Cap metric label cardinality + hoist peer-tag schema; rename to ClientStatsAggregator#11387
Draft
dougqh wants to merge 8 commits into
Draft
Cap metric label cardinality + hoist peer-tag schema; rename to ClientStatsAggregator#11387dougqh wants to merge 8 commits into
dougqh wants to merge 8 commits into
Conversation
Replaces the per-field DDCache layer inside AggregateEntry with the two new
cardinality handlers. Each per-field handler holds a small HashMap working
set; when its budget is exhausted, subsequent values collapse to a stable
"blocked_by_tracer" sentinel UTF8BytesString rather than growing without
bound.
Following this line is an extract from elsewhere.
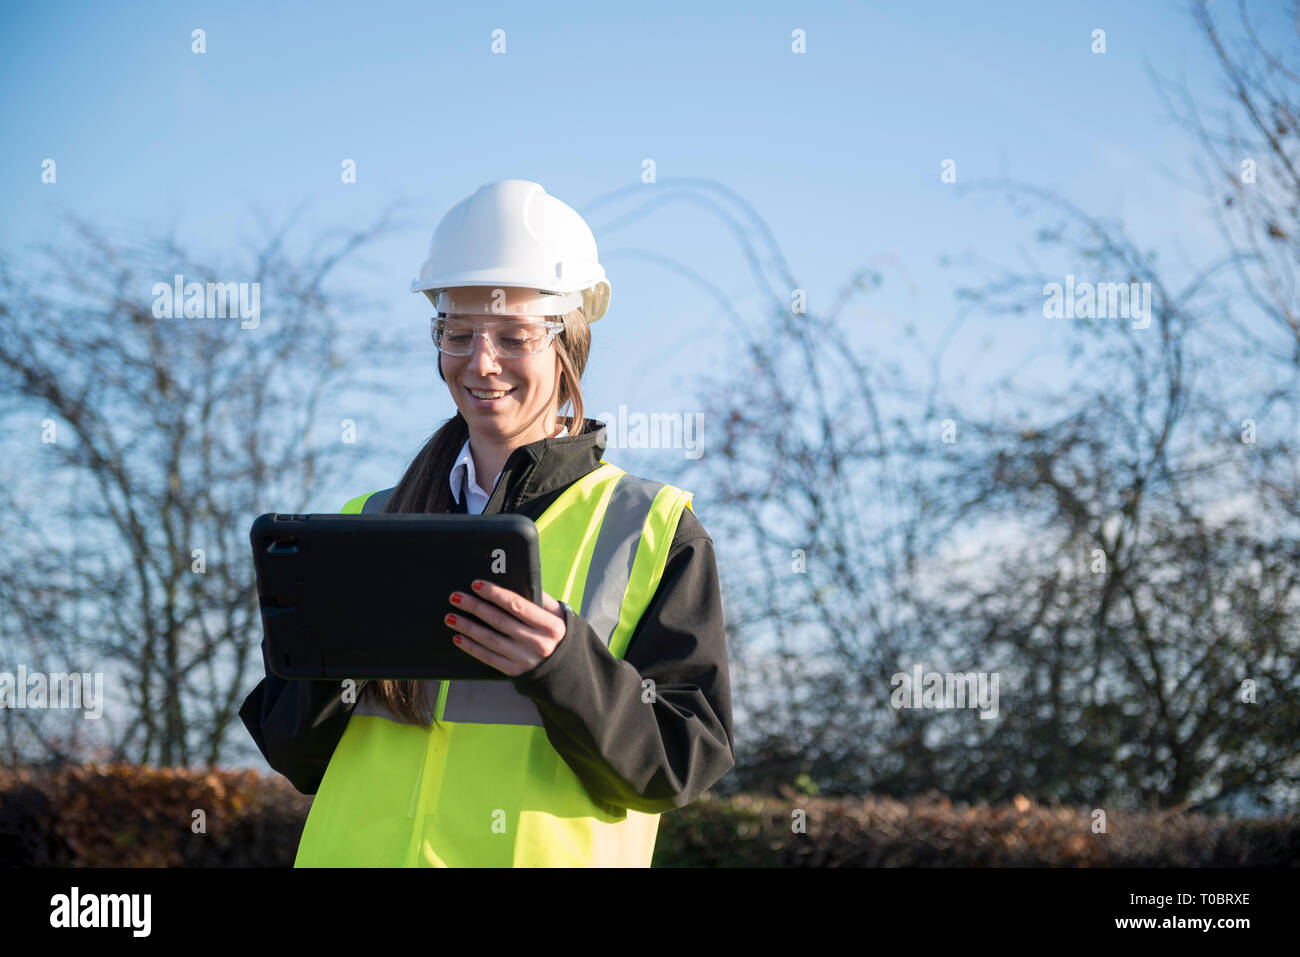 Une femme chef de projet / expert / travailleur de la construction en haute viz et l'équipement de sécurité utilise une tablette / ipad à l'entrée d'information elle s'est connecté Banque D'Images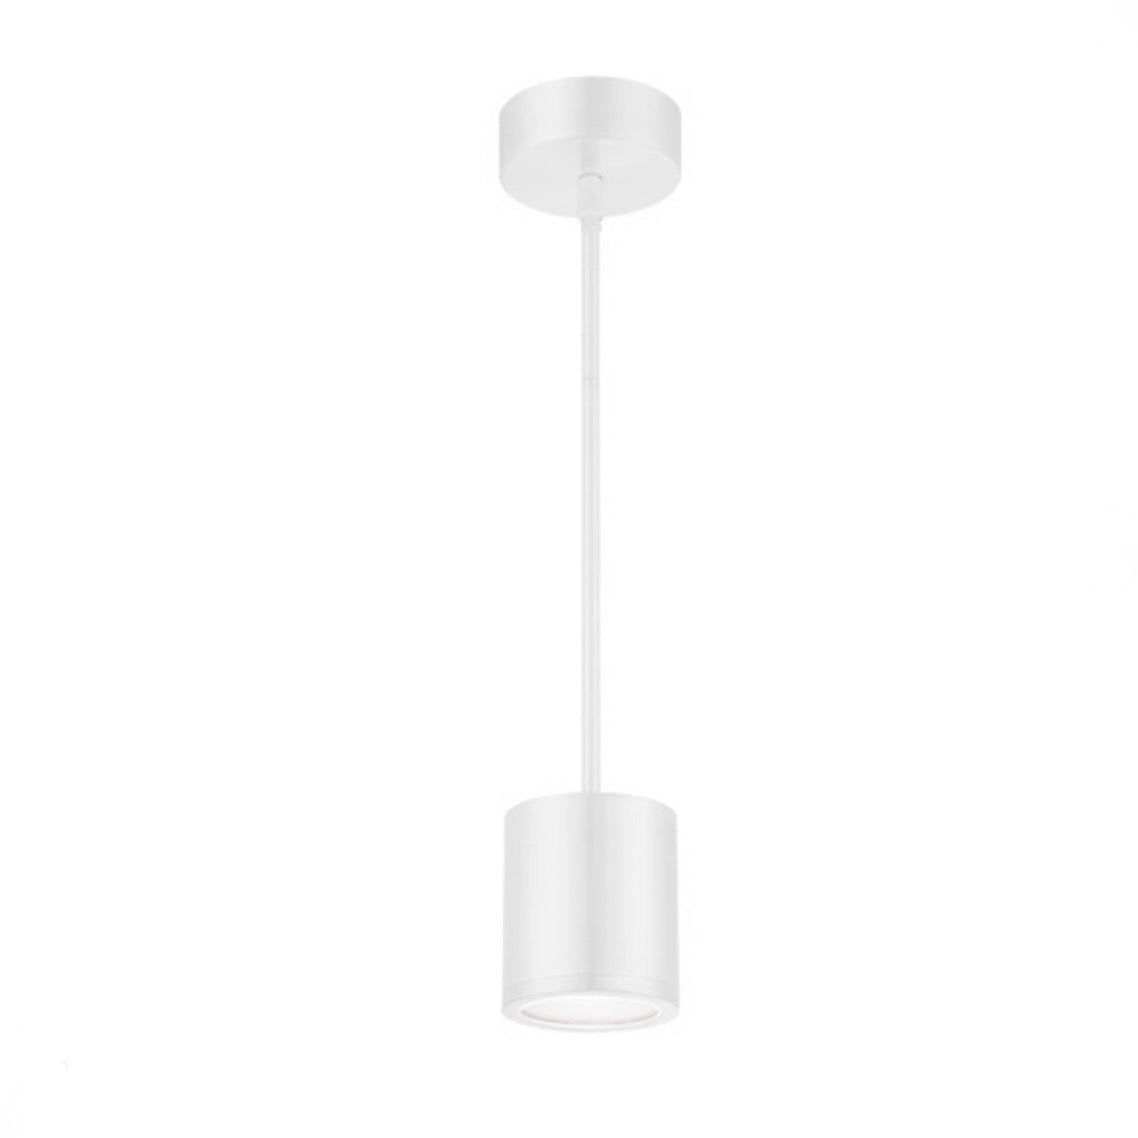 WAC Lighting | Tube LED Pendant Light in White

The handlers are reset on the aggregator thread at the end of each
report() cycle (10s default), so the cardinality budget refreshes per
reporting interval.
Caches replaced (limits preserved from the prior DDCache sizes):
RESOURCE_HANDLER 32
SERVICE_HANDLER 32
OPERATION_HANDLER 64
SERVICE_SOURCE_HANDLER 16
TYPE_HANDLER 8
SPAN_KIND_HANDLER 16
HTTP_METHOD_HANDLER 8
HTTP_ENDPOINT_HANDLER 32
GRPC_STATUS_CODE_HANDLER 32
PEER_TAG_HANDLERS per-tag-name TagCardinalityHandler, each 512
Two production-only changes to the handlers as the user wrote them:
- Fixed import: datadog.collections.tagmap6lazy.TagMap doesn't exist;
TagCardinalityHandler now imports datadog.trace.api.TagMap which has the
Entry API the handler uses.
- Added TagCardinalityHandler.register(String) overload so AggregateEntry's
peer-tag canonicalization doesn't have to allocate a TagMap.Entry per
call -- the snapshot already carries peer-tag values as a flattened
String[] {name, value, ...}.
AggregateEntry split into two construction paths:
- forSnapshot(snapshot, agg): the hot path; runs each field through the
appropriate handler.
- of(...): test-only factory; bypasses the handlers and creates UTF8
instances directly, so tests don't pollute static handler state. Content-
equality on the resulting entry still matches the production-built one.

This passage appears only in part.